1.1 In October 2013, Alex Salmond MSP, the then First Minister of Scotland announced that the Scottish Government would bring forward specific legislation to promote, defend and extend the rights of carers and young carers. The aim is to further support unpaid adult carers and young carers who care for family members, friends or neighbours.
1.2 Between 22 January 2014 and 16 April 2014, the Scottish Government conducted a consultation on proposals to improve outcomes for carers and young carers. The consultation contained 27 questions relating to new carers' legislation.
1.3 In total, 1,587 responses (1,422 of which were generated by surveys distributed by two stakeholder organisations) were submitted to the Scottish Government. The remainder (165) were standard written responses to the consultation paper; 32 from individuals and 133 from organisations. Full copies of the standard written responses can be found at http://www.gov.scot/Publications/2014/05/8784/0.
1.4 Of the 1,422 responding to stakeholder surveys, 513 respondents submitted their response using a template produced and distributed by the Coalition of Carers in Scotland (COCIS).

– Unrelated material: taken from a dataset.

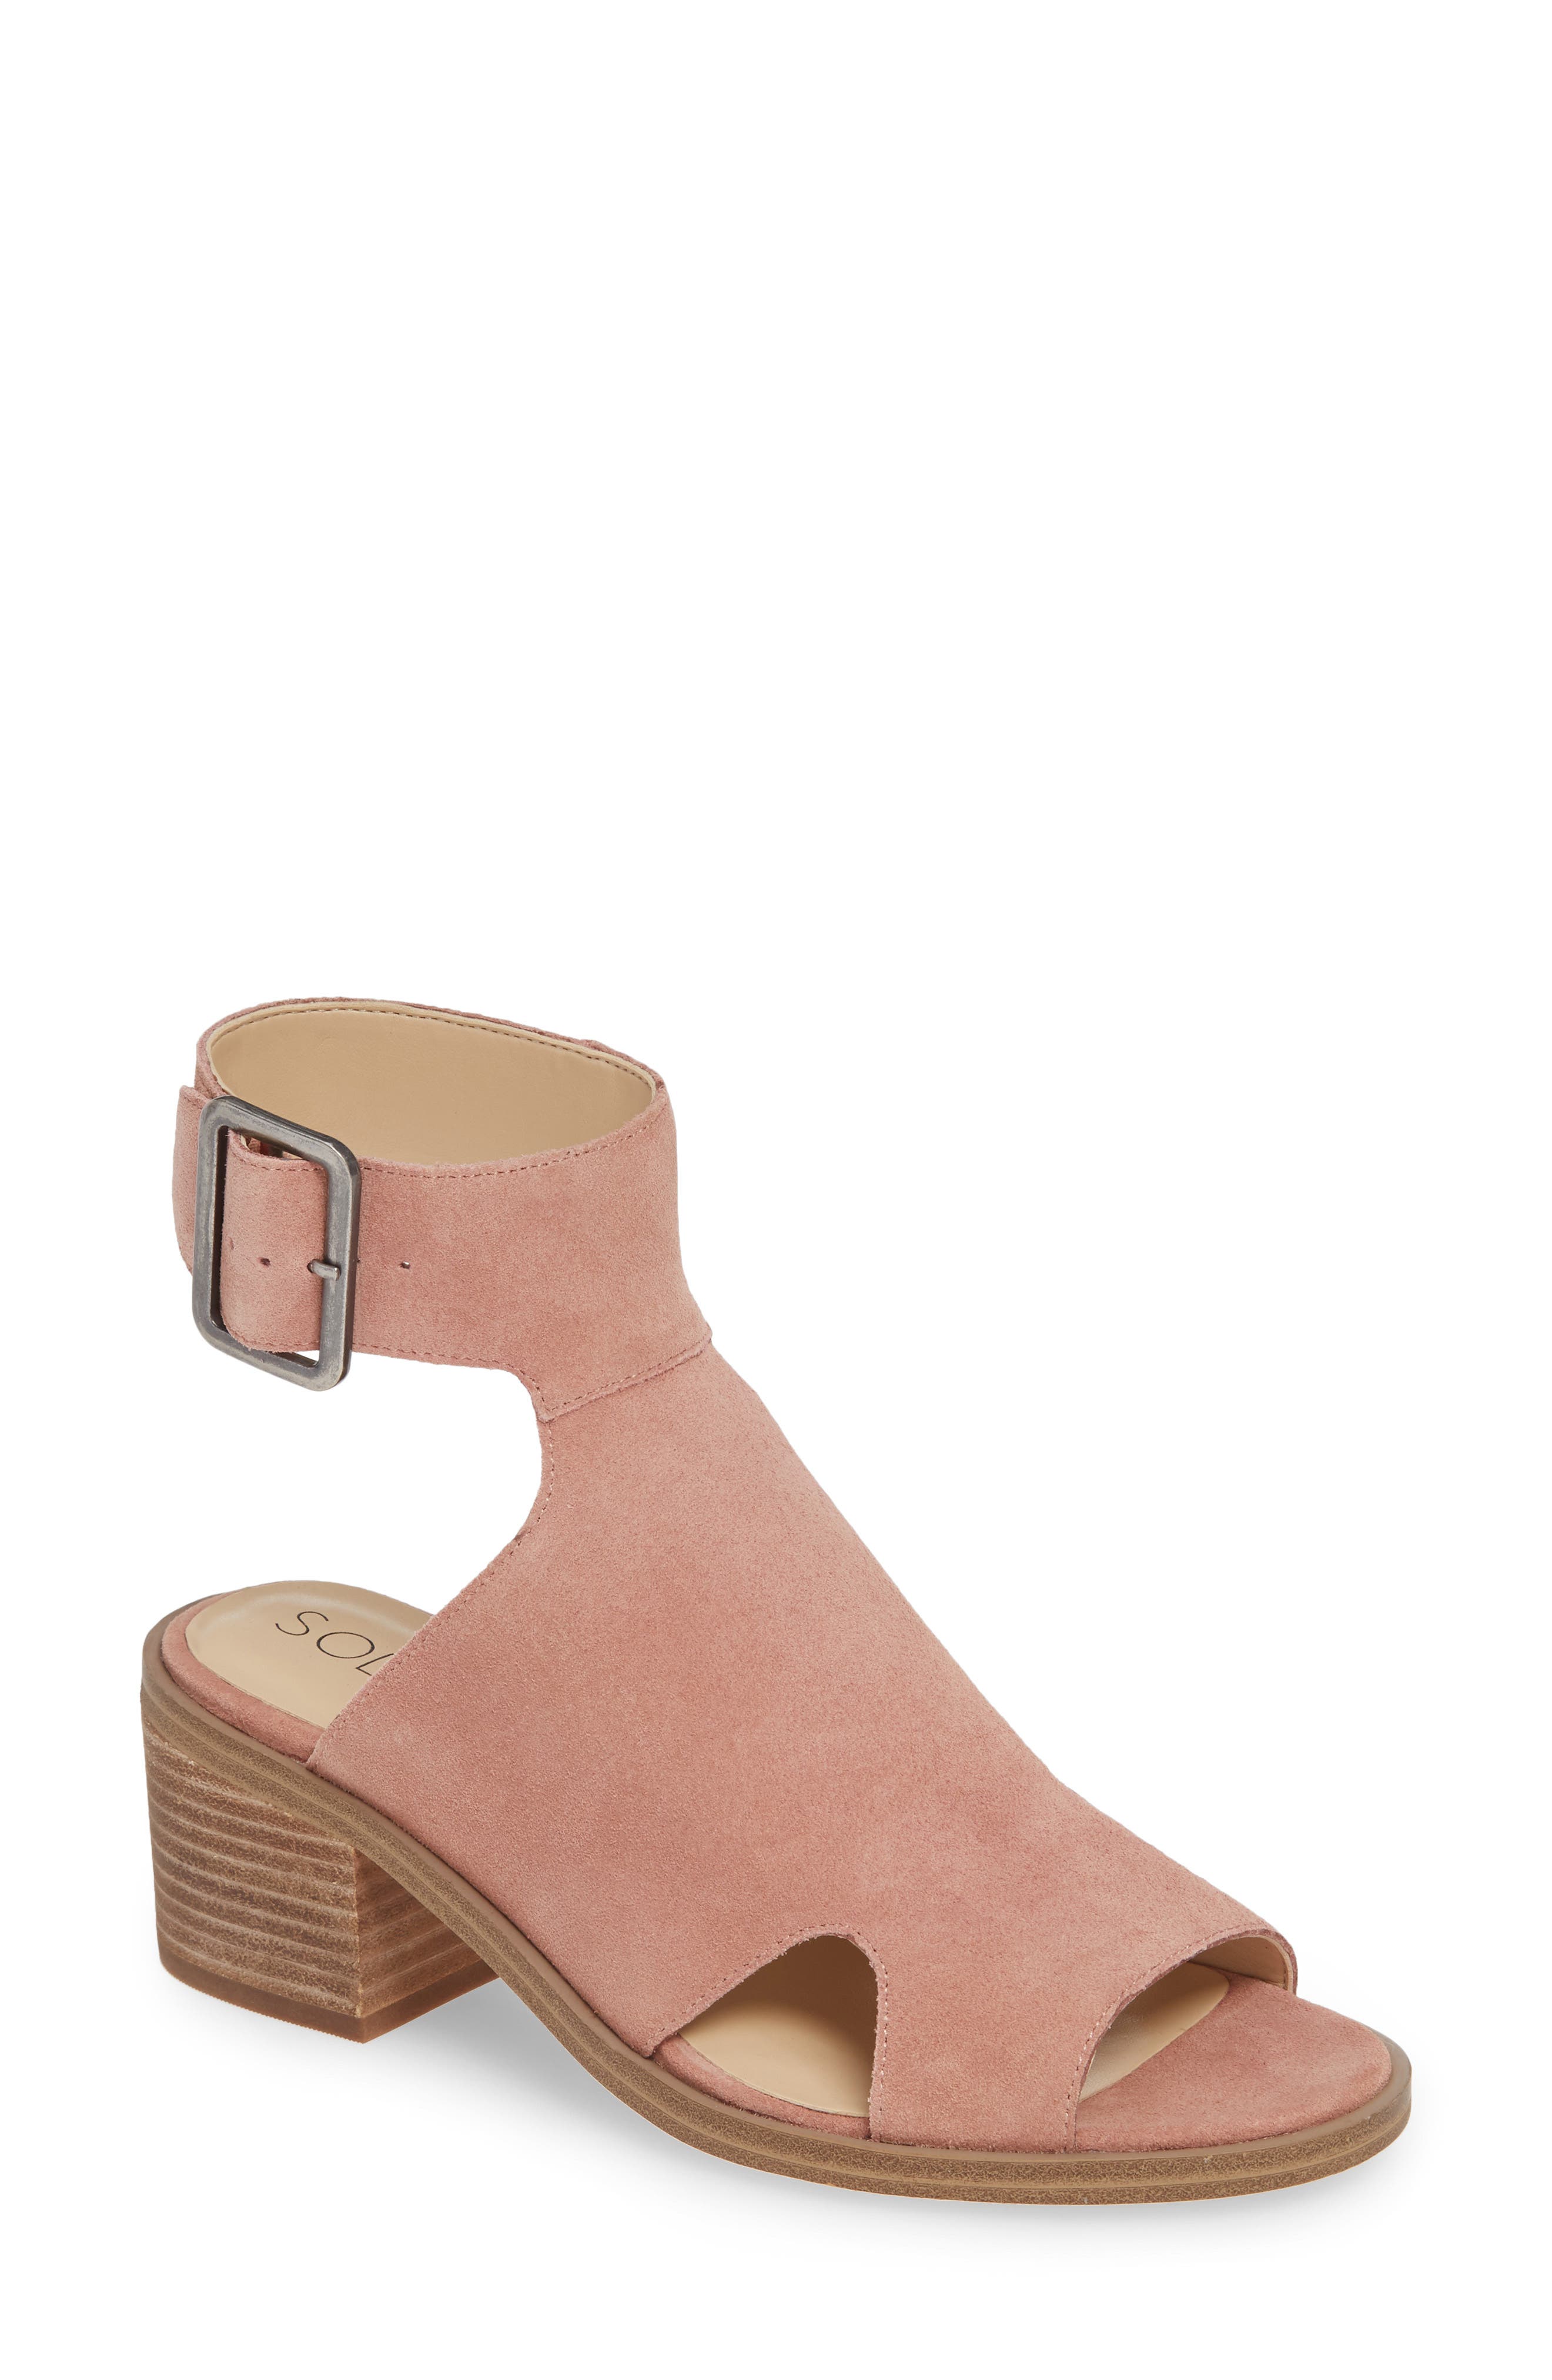 Sole Society | Tally Ankle Cuff Sandal

The remainder (909 responses) were based on a questionnaire distributed by the Scottish Youth Parliament. The Scottish Government also ran a series of 16 consultation events across the country.
1.5 Similar themes emerged from the consultation responses and in the consultation events. The main themes to emerge from consultation responses are discussed in the following paragraphs.

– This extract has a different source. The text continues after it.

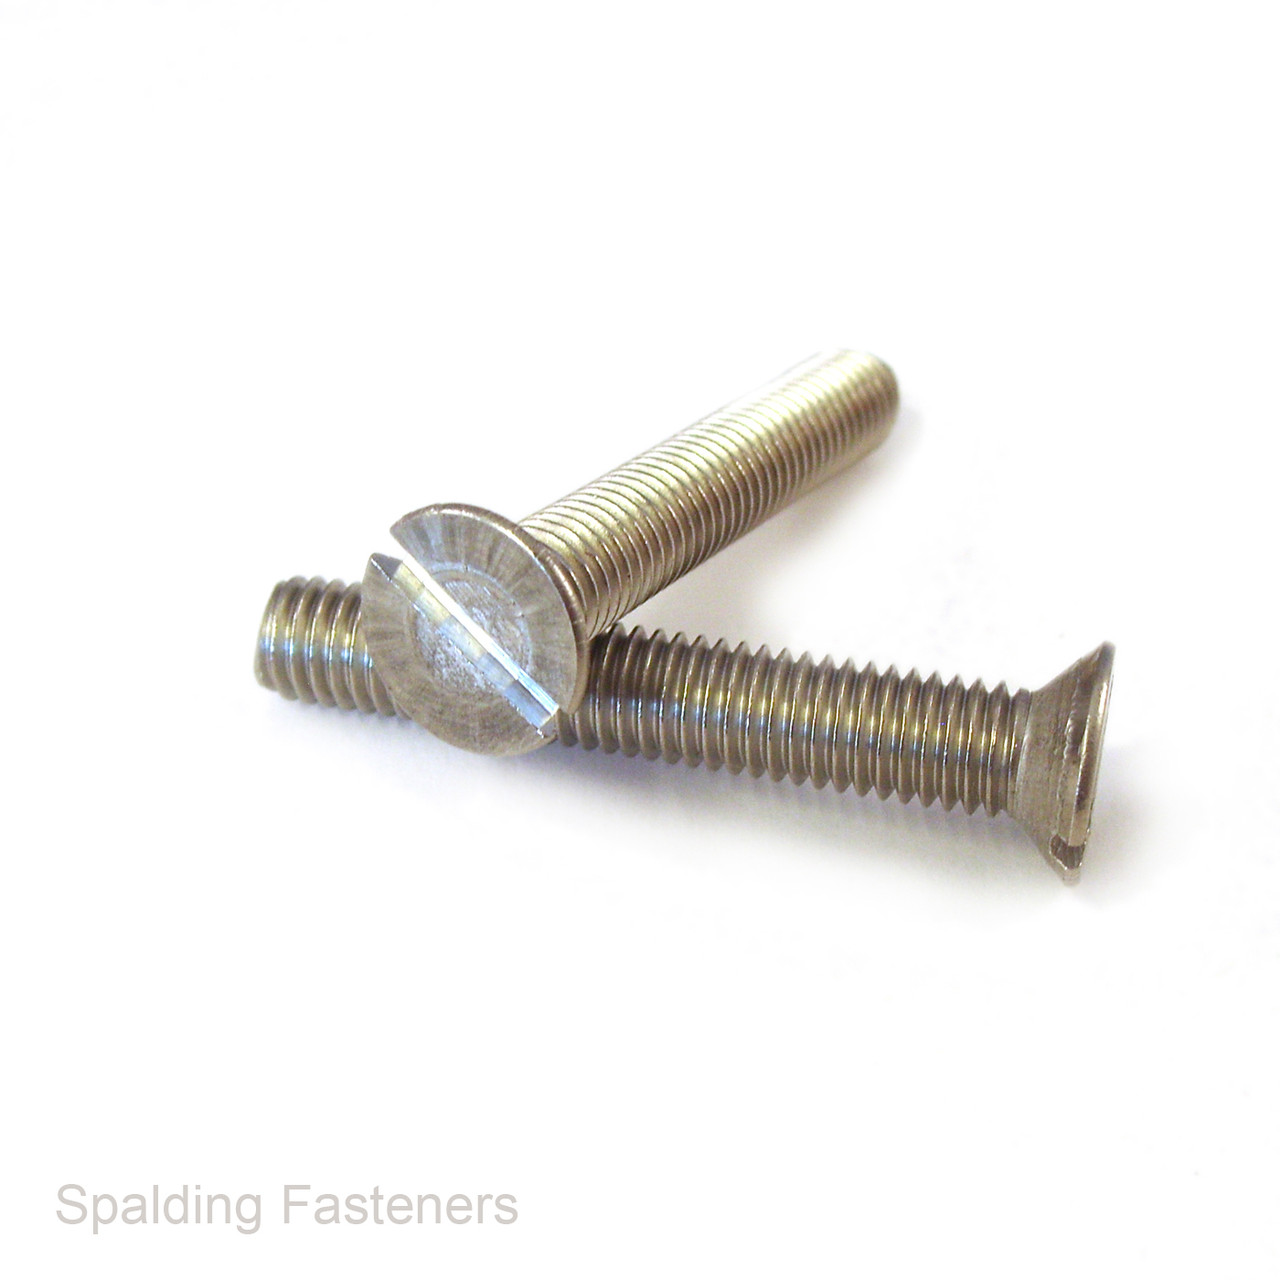 5/16" UNC A2 Stainless Steel Countersunk Slotted Head Machine Screws

The Carer's Assessment: Carer's Support Plan
1.6 A large majority of those who addressed the question of whether the name should change from Carer's Assessment to Carer's Support Plan supported the change of name. The main reasons given for this support were that the current name can act as a barrier to take-up as it has negative connotations and can discourage carers, as it can appear judgemental (Question 1).

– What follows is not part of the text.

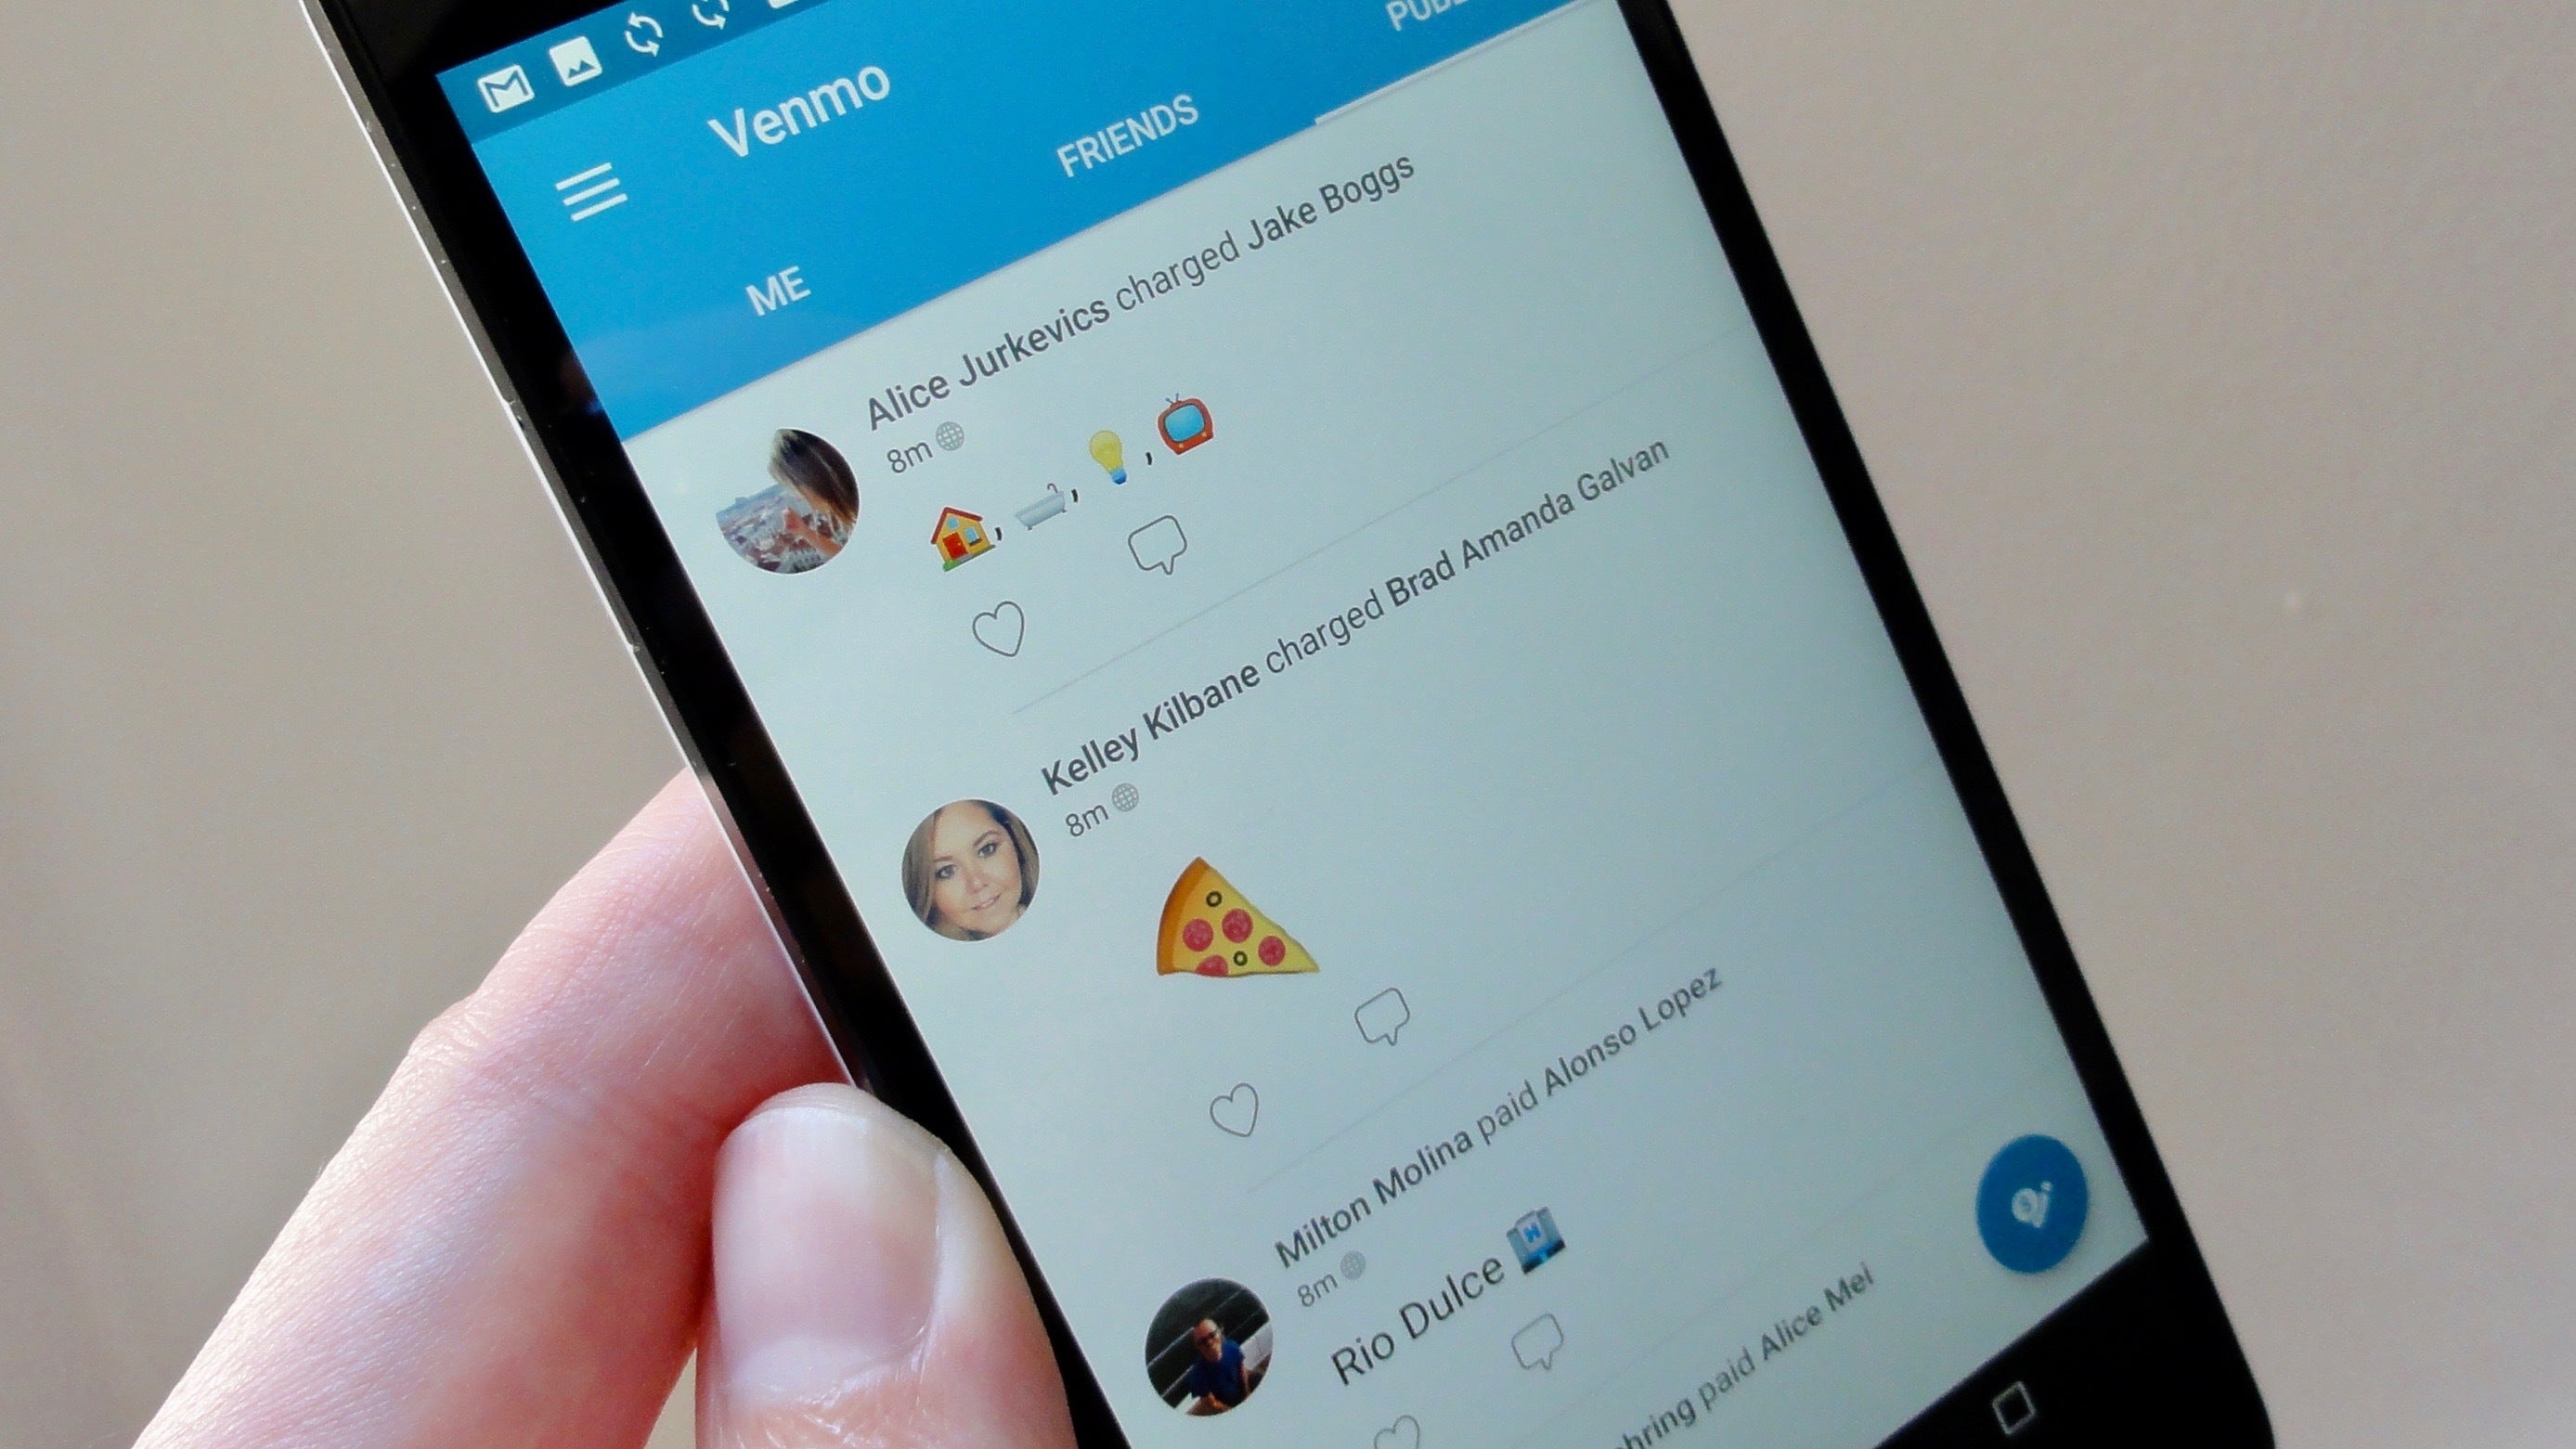 your friend on your contact should be on venmo friends list

1.7 Most respondents agreed with the removal of the substantial and regular test and welcomed the fact that this would increase eligibility for an assessment (Question 2).
1.8 Most agreed with the removal of the part of the existing carer assessment process whereby the cared-for person is a person for whom the local authority must or may provide community care services/ children's services. Reasons for support included that current requirements can act as a barrier to accessing support and the need for a Carer's Support Plan for every carer (Question 3).
1.9 Almost all respondents who replied supported the introduction of two routes through to the Carer's Support Plan. A main theme to emerge was that this proposal should improve access to support (Question 4).
1.10 Most respondents agreed with the removal from statute of the wording about the carer's ability to provide care. Many said this has negative connotations and acts as another barrier to carers accessing support. There was also widespread support for a move to an outcomes-based approach (Question 5).
1.11 Most respondents agreed with a duty for local authorities to inform the carer of the length of time it is likely to take to receive the Carer's Support Plan and if it exceeds this time, to be advised of the reasons. Some commented on informing the carer of the length of time being an administrative and bureaucratic process (Question 6).
1.12 Many respondents felt that portability of assessment is a significant issue for service users and carers. A variety of reasons were given and these included that carers should not have to go through a reassessment, issues with differences across local authority areas and the need for consistency and standardisation (Question 7).
1.13 Almost all of those who replied agreed that the Scottish Government and COSLA with relevant interests work together to take forward improvements to the portability of assessment, some for the reasons given in the paragraph above (Question 8).
Information and Advice
1.14 A majority of respondents supported the proposal to introduce a duty for local authorities to establish and maintain a service for providing people in its area with information and advice relating to the Carer's Support Plan, support for carers and the Carers Rights Charter. A majority of those opposed to this proposal were local authorities (Question 9).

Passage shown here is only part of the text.